An overview of a Unix filesystem layout

In Unix and operating systems inspired by it, the file system is considered a central component of the operating system. It was also one of the first parts of the system to be designed and implemented by Ken Thompson in the first experimental version of Unix, dated 1969.

As in other operating systems, the filesystem provides information storage and retrieval, and one of several forms of interprocess communication, in that the many small programs that traditionally form a Unix system can store information in files so that other programs can read them, although pipes complemented it in this role starting with the Third Edition. Also, the filesystem provides access to other resources through so-called device files that are entry points to terminals, printers, and mice.

The rest of this article uses Unix as a generic name to refer to both the original Unix operating system and its many workalikes.

==Principles==
The filesystem appears as one rooted tree of directories. Instead of addressing separate volumes such as disk partitions, removable media, and network shares as separate trees, such volumes can be mounted on a directory, causing the volume's file system tree to appear as that directory in the larger tree. The root of the entire tree is denoted /.

In the original Bell Labs Unix, a two-disk setup was customary, where the first disk contained startup programs, while the second contained users' files and programs. This second disk was mounted at the empty directory named usr on the first disk, causing the two disks to appear as one filesystem, with the second disk’s contents viewable at /usr.

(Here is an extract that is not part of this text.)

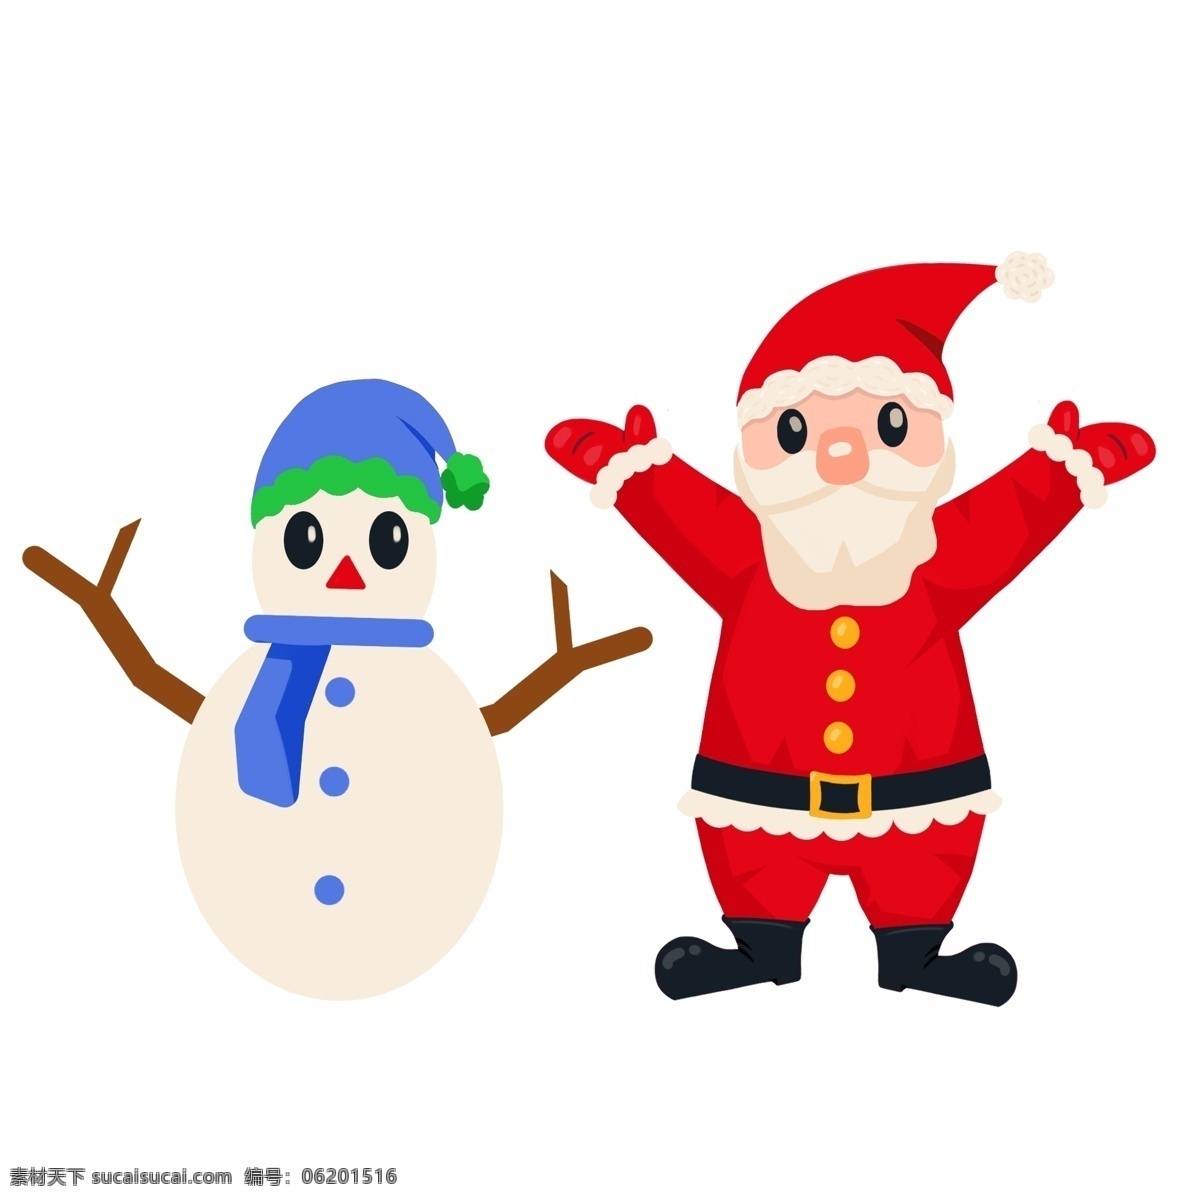 卡通 圣诞老人 可爱 手绘 礼物 礼物盒 圣诞节 送礼 糖果拐杖 圣诞礼物 白胡子老爷爷 大胡子 惊喜 雪人
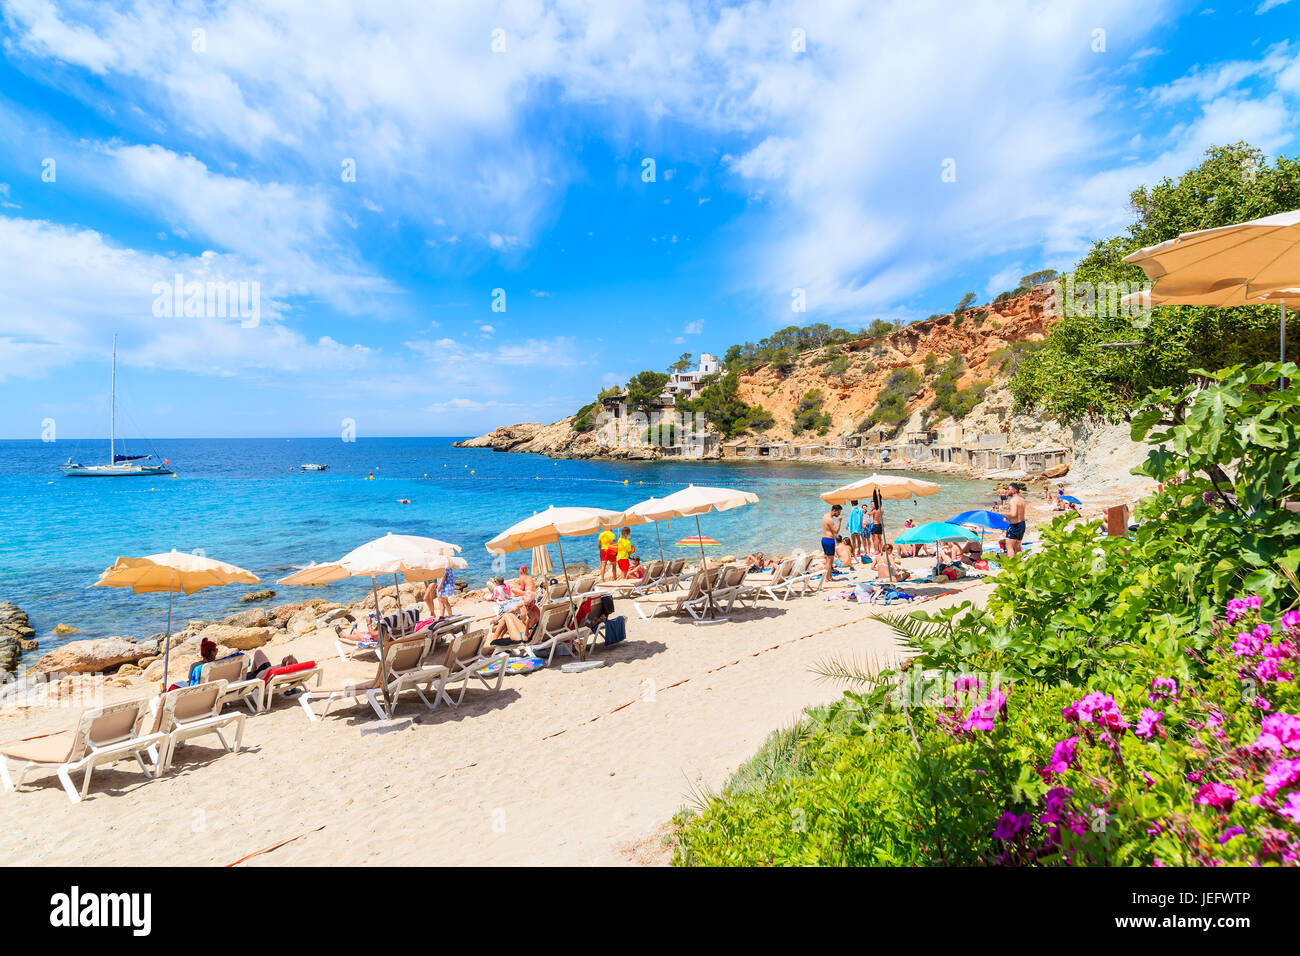 Insel IBIZA, Spanien - 18. Mai 2017: Blick auf den idyllischen Strand von Cala d ' Hort mit bunten Blumen im Vordergrund, Insel Ibiza, Spanien. Stockfoto

Directories in Unix file systems do not contain files. Instead, they contain the names of files paired with references to so-called inodes, which in turn contain both the file and its metadata (owner, permissions, time of last access, etc., but no name). Multiple names in the file system may refer to the same file, a feature termed a hard link. The mathematical traits of hard links make the file system a limited type of directed acyclic graph, although the directories still form a tree, as they typically may not be hard-linked. As originally envisioned in 1969, the Unix file system would in fact be used as a general graph with hard links to directories providing navigation, instead of path names.

===File types===

The original Unix file system supported three types of files: ordinary files, directories, and "special files", also termed device files. The Berkeley Software Distribution (BSD) and System V each added a file type to be used for interprocess communication: BSD added sockets, while System V added FIFO files.

BSD also added symbolic links (often termed "symlinks") to the range of file types, which are files that refer to other files, and complement hard links. Symlinks were modeled after a similar feature in Multics, and differ from hard links in that they may span filesystems and that their existence is independent of the target object. Other Unix systems may support additional types of files.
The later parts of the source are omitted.